I found this section extremely frustrating to play. You start almost like a game of Lunar Lander where you’re just watching a number (the PARSEC count) in the corner, first holding up and Warp speed 4 and watching the counter tick down, then switching at the right moment to warp 3, 2, and 1 as you get closer and closer. Somewhere along the line you need to stop and steer, and that’s when an enemy will almost definitely appear (they can catch you at low warp, but it’s less likely).
The big problem is that often ships will appear in a position like this…
…and the laser is very slow at moving. (You can’t do number-pad steering in combat.) You can take many hits just from moving to shooting position. Here’s a battle (with the barrier shields off) that went relatively lucky; often the ships aren’t as well behaved and you need to adjust multiple times:
I constantly found myself in a situation where I would sustain rapid-fire from an enemy ship and even with my attempt at moving the laser over as “fast” as possible eventually I just would die.

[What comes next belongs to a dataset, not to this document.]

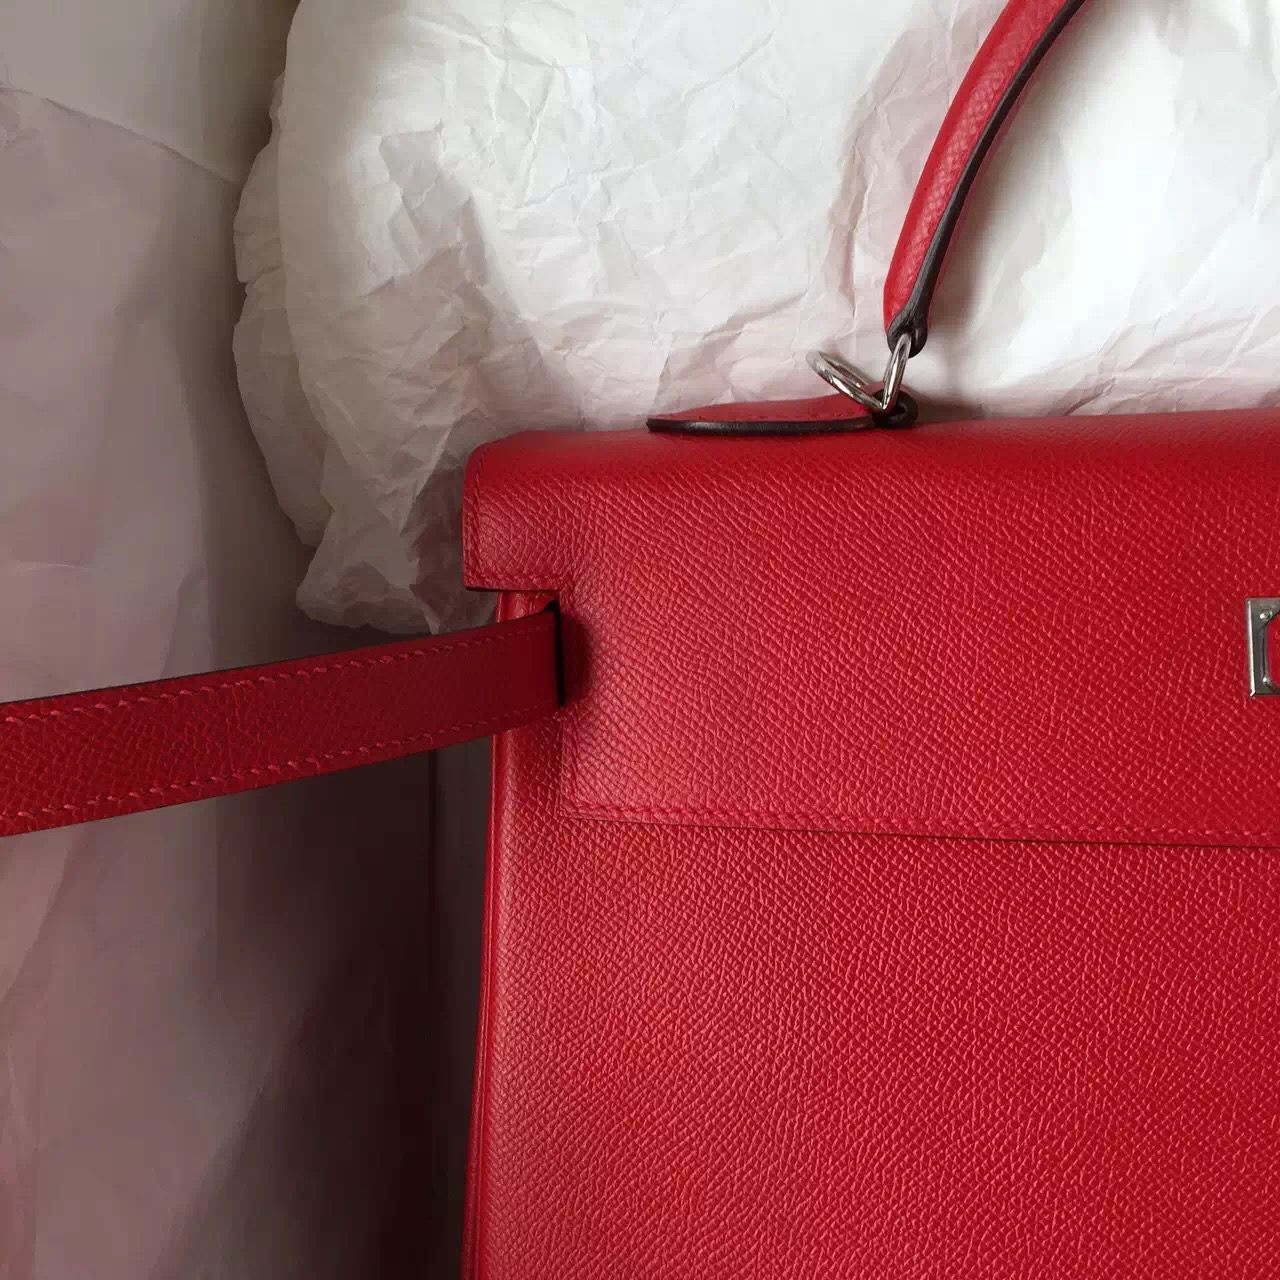 Cheap Hermes Q5 Chinese Red Kelly Bag 35cm Retourne Epsom Leather Tote Bag

I finally threw in the towel, as this is All the Adventures, not All the Space Simulators. I have here a video of the game played on Sharp X1 cued to start right at “0 PARSECS” with the planet in view. Once pointed the right direction, your ship will enter orbit and you press F5 to activate the next section of the game.
The video above keeps going into the adventure part but does not finish it. Things get a bit complicated so I’m going to wait on delving into there next time. (The game is in BASIC, and I have a setup from gschmidl that will skip straight to the adventure.) I will try a few more jabs at the space combat, but unless I’m missing something I’ll say finding the Bluestone will stay as my ultimate goal, because I really don’t want to deal with shooting down invisible enemies in space.